This Colab shows how to assess the grounding capabilities of generative models, evaluating their ability to generate responses that are factually consistent with and derived from a given textual context. Assessing grounding with custom parsing, as shown here, offers a more advanced evaluation compared to the standard [metric prompt templates](https://cloud.google.com/vertex-ai/generative-ai/docs/models/metrics-templates), allowing for detailed analysis of factual consistency and source relevance.

It goes beyond basic information retrieval by examining the extent to which model outputs are truly rooted in the provided source and can synthesize information accurately from that context. The approach to grounding demonstrated here is based on the [FACTS Grounding Benchmark](https://www.kaggle.com/facts-leaderboard/examples).

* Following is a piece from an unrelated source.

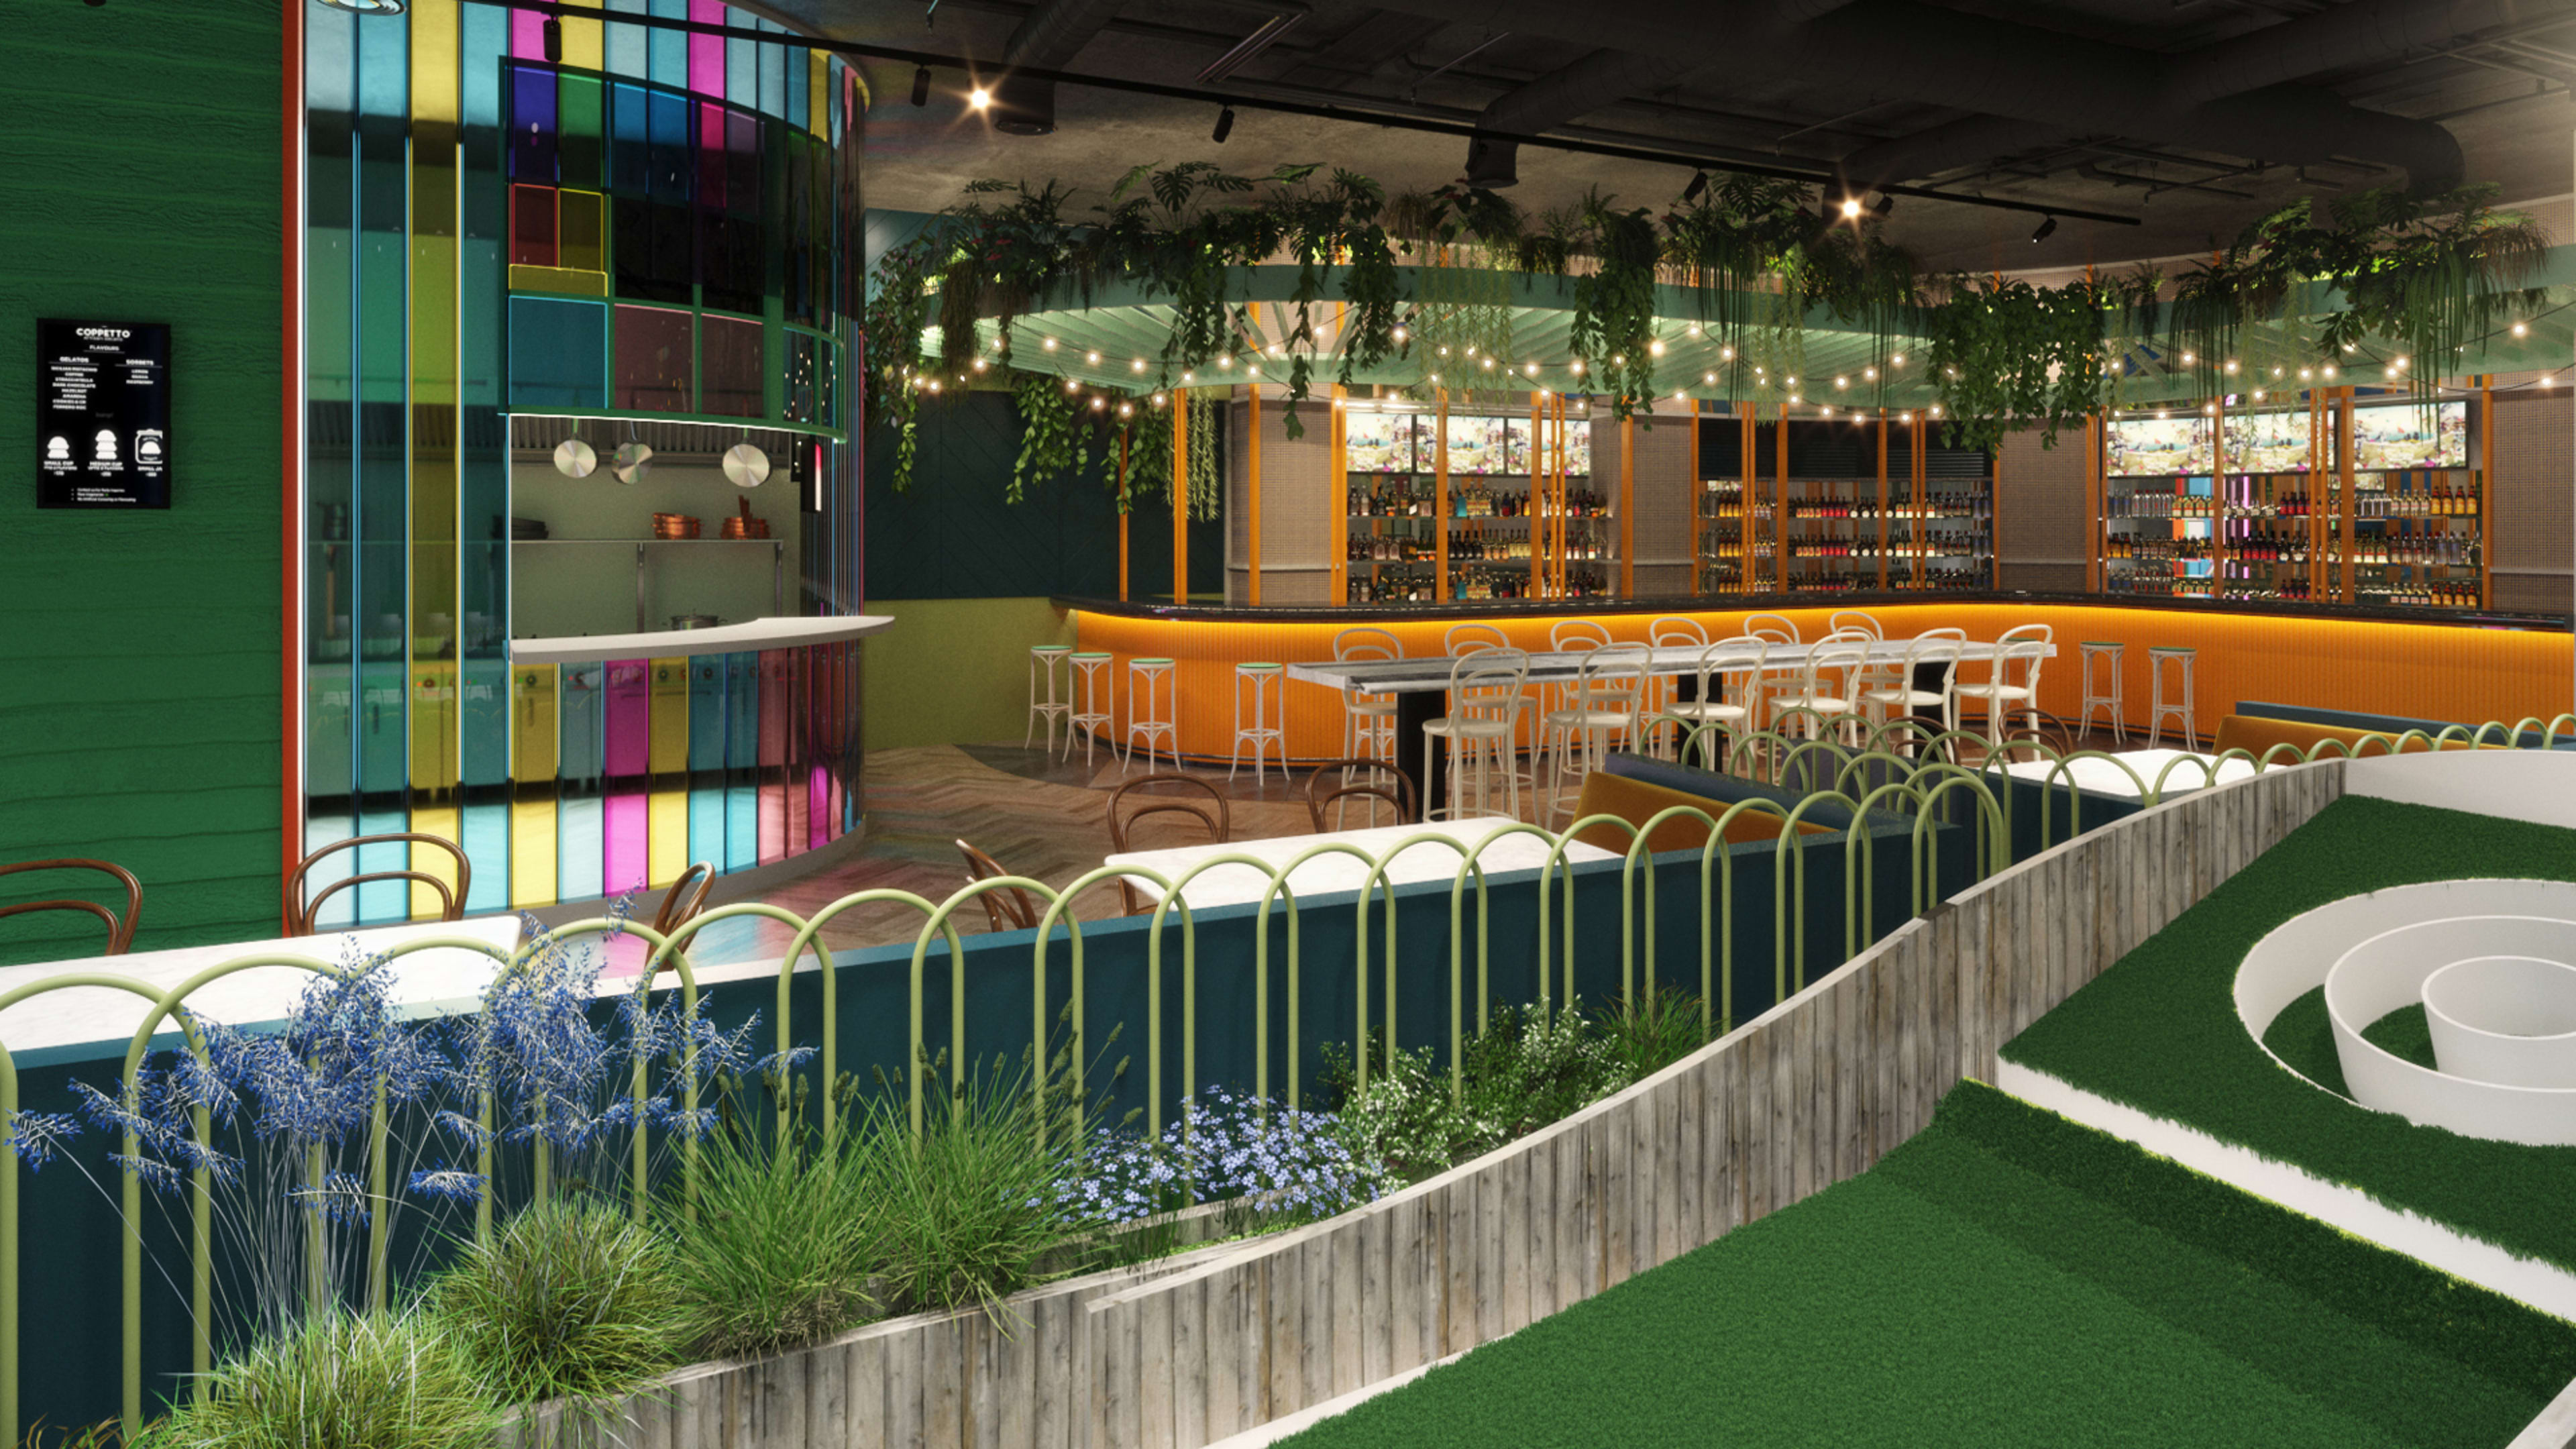 First look: Swingers crazy golf comes to America just in time for the new Roaring ’20s

This is accomplished using the Vertex Gen AI Evaluation SDK which supports custom output parsing. The prompt instructs the autorater model to return a structured (JSON) output which is then parsed seemlessly by providing the parsing method in the metric definition. The parsed output is appended to the evaluation result data frame.

## Objective

1. Generate structured output from an autorater.
2. Use custom parsing for advanced evalutation.

## Steps

1. Set up the environment.
2. Define helper functions, prompt templates, and metric.
3. Prepare the dataset for evaluation.
4. Run the evaluation (including model inference).

## Costs
This tutorial uses billable components of Google Cloud:

- Vertex AI

Learn about [Vertex AI pricing](https://cloud.google.com/vertex-ai/pricing) and use the [Pricing Calculator](https://cloud.google.com/products/calculator/) to generate a cost estimate based on your projected usage.

# Get started

## Install Vertex AI SDK for Python and other required packages


In [None]:
%pip install --upgrade --quiet google-cloud-aiplatform

## Restart runtime (Colab only)

To use the newly installed packages, you must restart the runtime on Google Colab.

In [None]:
import sys

if "google.colab" in sys.modules:

    import IPython

    app = IPython.Application.instance()
    app.kernel.do_shutdown(True)

<div class="alert alert-block alert-warning">
<b>⚠️ The kernel is going to restart. Wait until it's finished before continuing to the next step. ⚠️</b>
</div>


## Authenticate your notebook environment (Colab only)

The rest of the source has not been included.